What do you guys think of my plan ? Feel free to comment to tell me it won't work but please state why.
Thanks
Todd


----------



## toddalin (Jan 4, 2008)

How to wire a wye.

If you do it this way, you don't even have to press reverse on your Train Engineer. When you throw the wye turnout to the other direction, that reverses the current.

If you put a diode toward the tail end in one rail (as is done for reversing units), the engine will automatically stop at the end before it runs off the track. Then just throw the wye turnout, and the train will back down the other side without ever touching your Train Engineer.

Wiring a Wye


----------



## cape cod Todd (Jan 3, 2008)

Thanks for the diagram link.

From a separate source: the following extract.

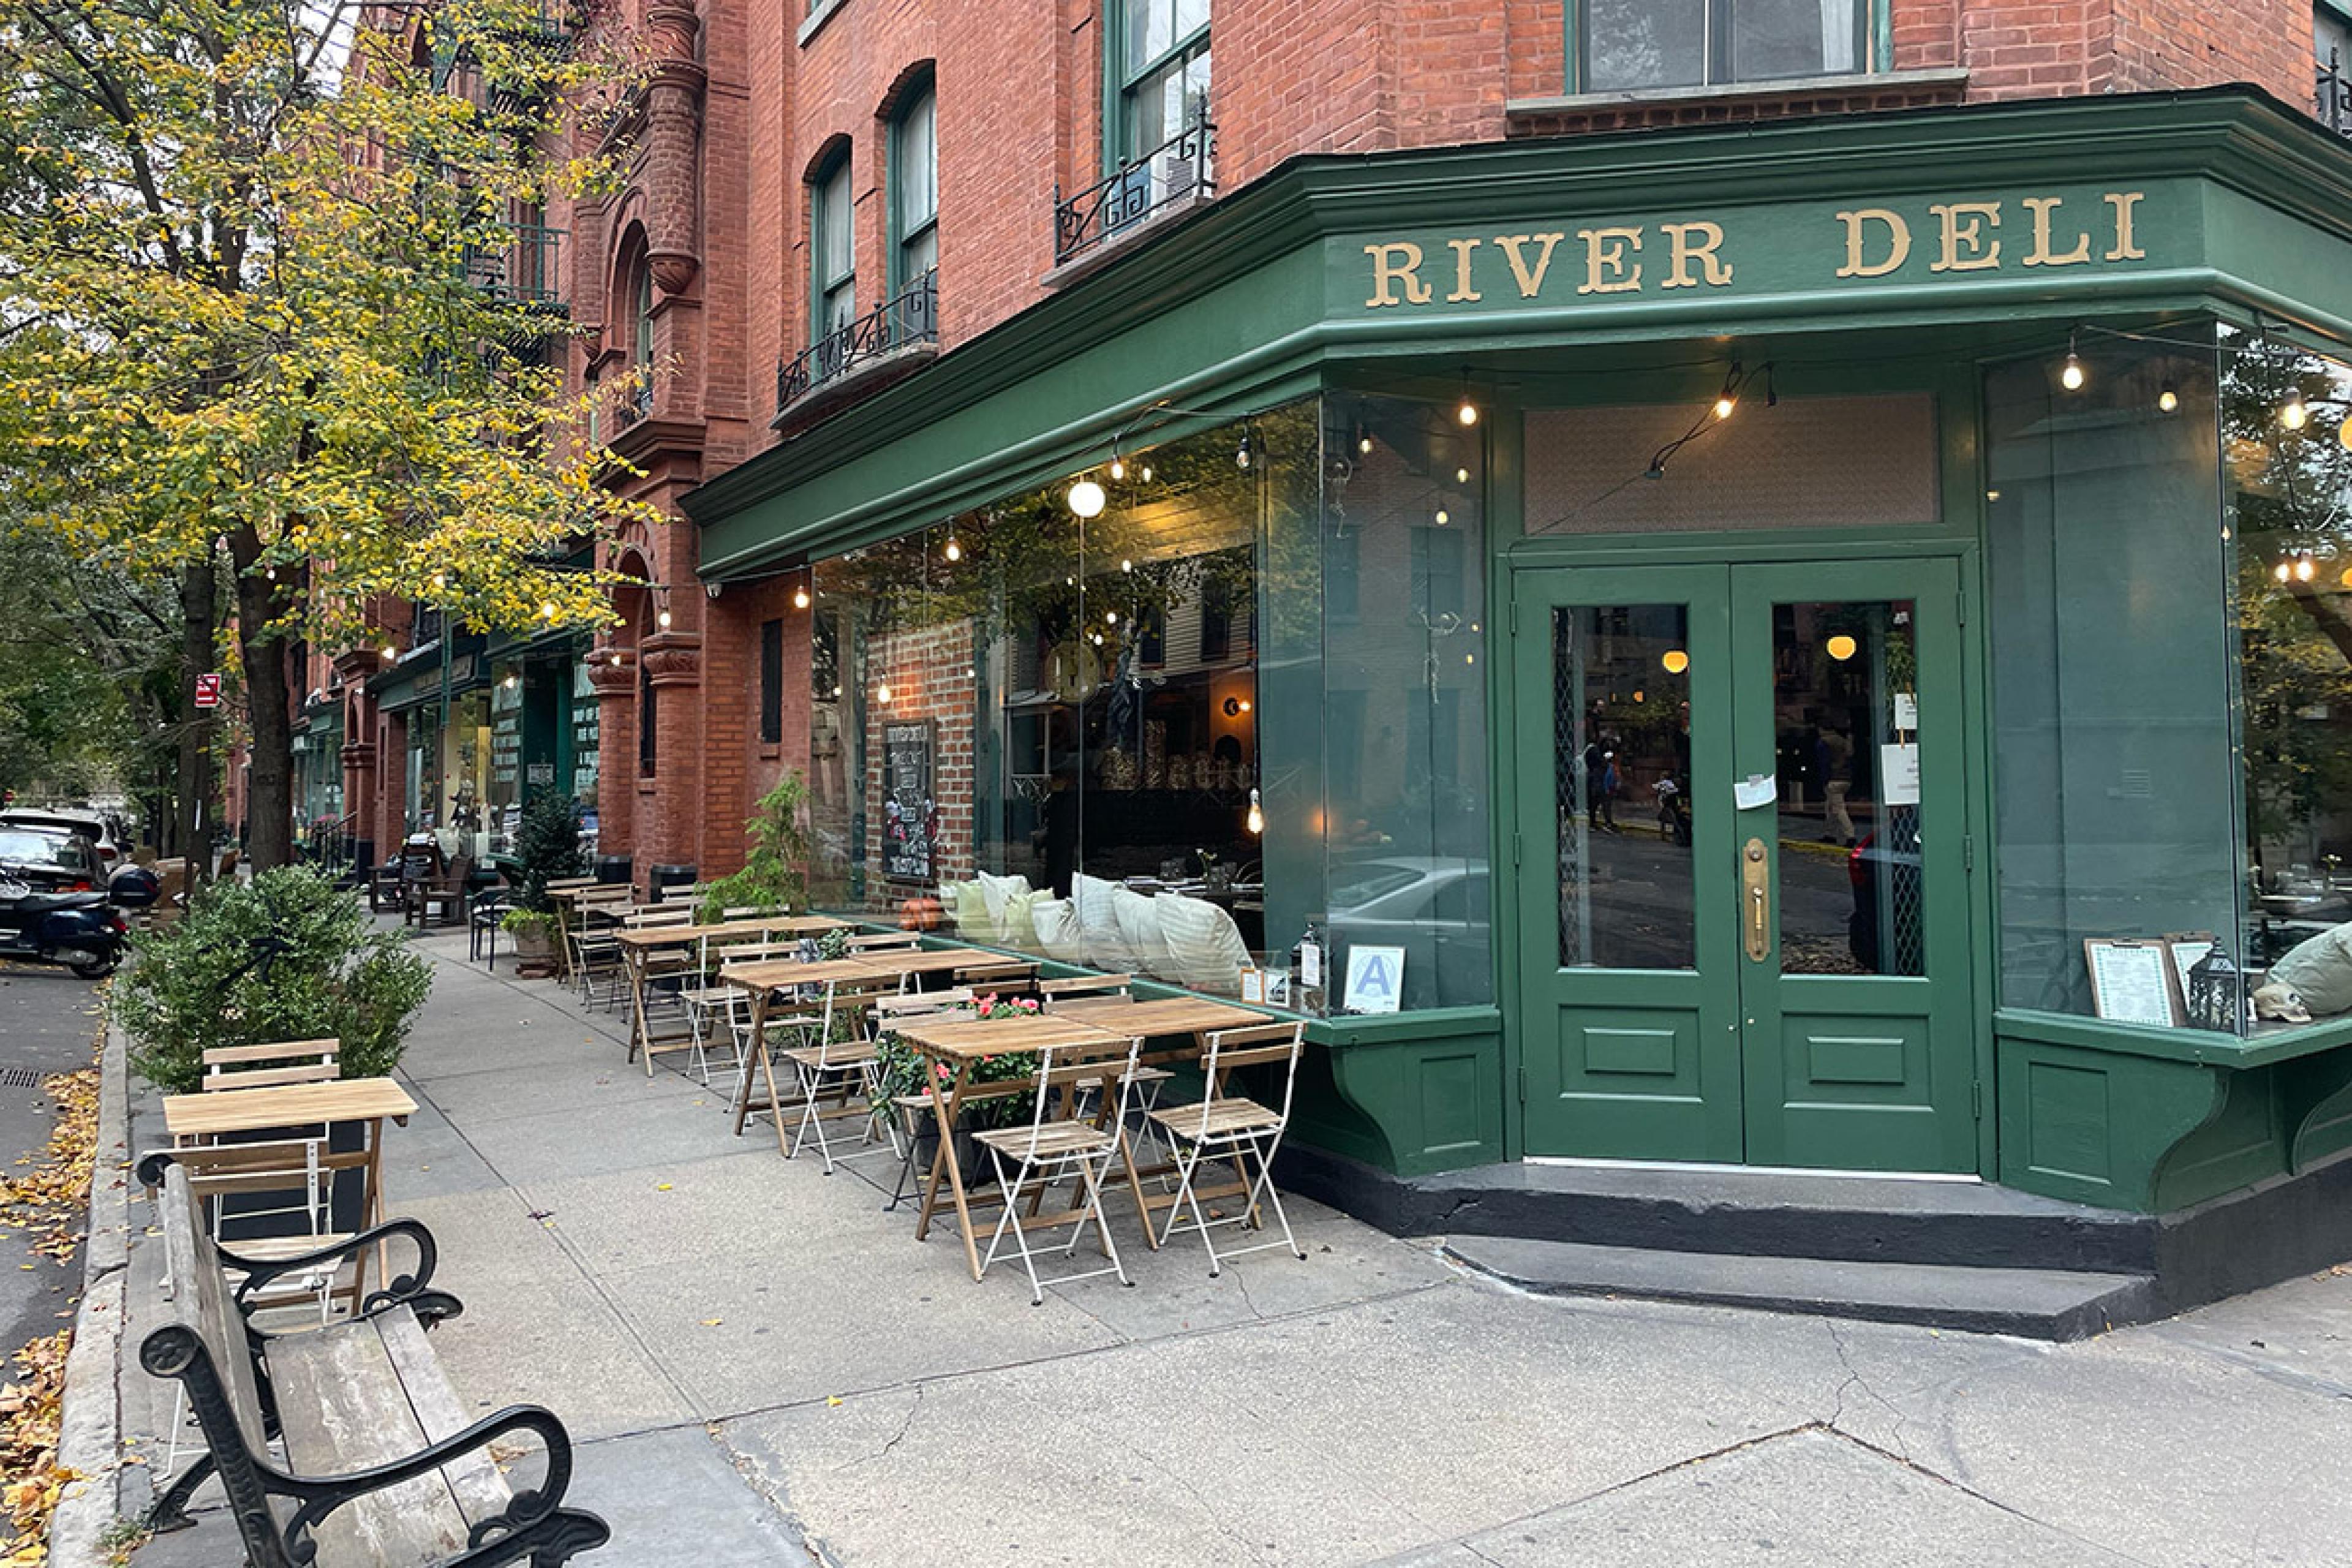 corner restaurant with green paint and red brick with sign saying river deli

It looks like I would need a LGB part. I'm using #6 Aristo Wye turnout which has a switch and diode underneath to power the metal frog I'm assuming. I wonder how this would work with or disrupt a wiring setup like the one you linked to? I'm not very good with the ins and outs or should I say the pluses and minuses of wiring setups like this that's why I really need to keep it simple. 
Todd


----------



## vsmith (Jan 2, 2008)

On my new layout I used an Atlas controller on my Wye, it was simple to wire up and it actually works. I am track powered w/ single power pack with a Basic Train Engineer R/C controller so my Wye power connection was simpler than the diagram on the back of the package indicated, the guys at Whistle Stop helped explain it to me when I bought it. 





Double insulated rails each end of the wye section then connect the +/- leads from the power pack to Cab A inputs (red switch left top), feed a jumper wire from the adjacent section to the directional inputs (top right) and then connect the +/- connectors from the directional inputs to the wye rails, the directional switch (grey switch right center) controls the polarity of the wye. 





Heres how it looks on my wiring diagram, as long as the red switch Cab A is kept in one position all you have to do change the wye directional switch to control the polarity of the train once its on the wye. Luckily if its wired right the switch should (like mine) end up where when the switch is on the left its polarity matches the left hand trand and viseversa on the right side, so all I do if the engine is coming from the left is to set the wye switch to the left, run the engine onto the wye, stop it, flip the switch to the right, hit reverse direction on the BTE controller and power up and it rolls off to the the right hand side which is also now the correct polarity thanks to the BTE system. Yeah sounds complicated, but I wired it up in less than an 1/2 hour and took less than than learning to use it in operation.


----------



## toddalin (Jan 4, 2008)

Posted By cape cod Todd on 26 Jul 2011 08:34 AM 
Thanks for the diagram link. It looks like I would need a LGB part. I'm using #6 Aristo Wye turnout which has a switch and diode underneath to power the metal frog I'm assuming. I wonder how this would work with or disrupt a wiring setup like the one you linked to? I'm not very good with the ins and outs or should I say the pluses and minuses of wiring setups like this that's why I really need to keep it simple. 
Todd 

I'm not familiar with the "auxiliary connections" (if any) associated with the AristoCraft units. But if they offer a DPDT, they can be used in the same way as the LGB units, and the frog should be the polarity of the "tail track."


I run my AristoCraft 10' diameter turnouts on LGB switch machines but recognize that those aren't the ones you are using. In some cases I replace the LGB DPDT that attaches to their turnout motors with a 24 volt DPDT latching relay. These are wired in parallel with the turnout motors and throw with the turnouts. This actually has several advantages to using the LGB DPDT attachment in that even they are mounted in a sealed environment and stay clean, and if the points foul or are moved by a train, the relay maintains the correct polarity regardless.


----------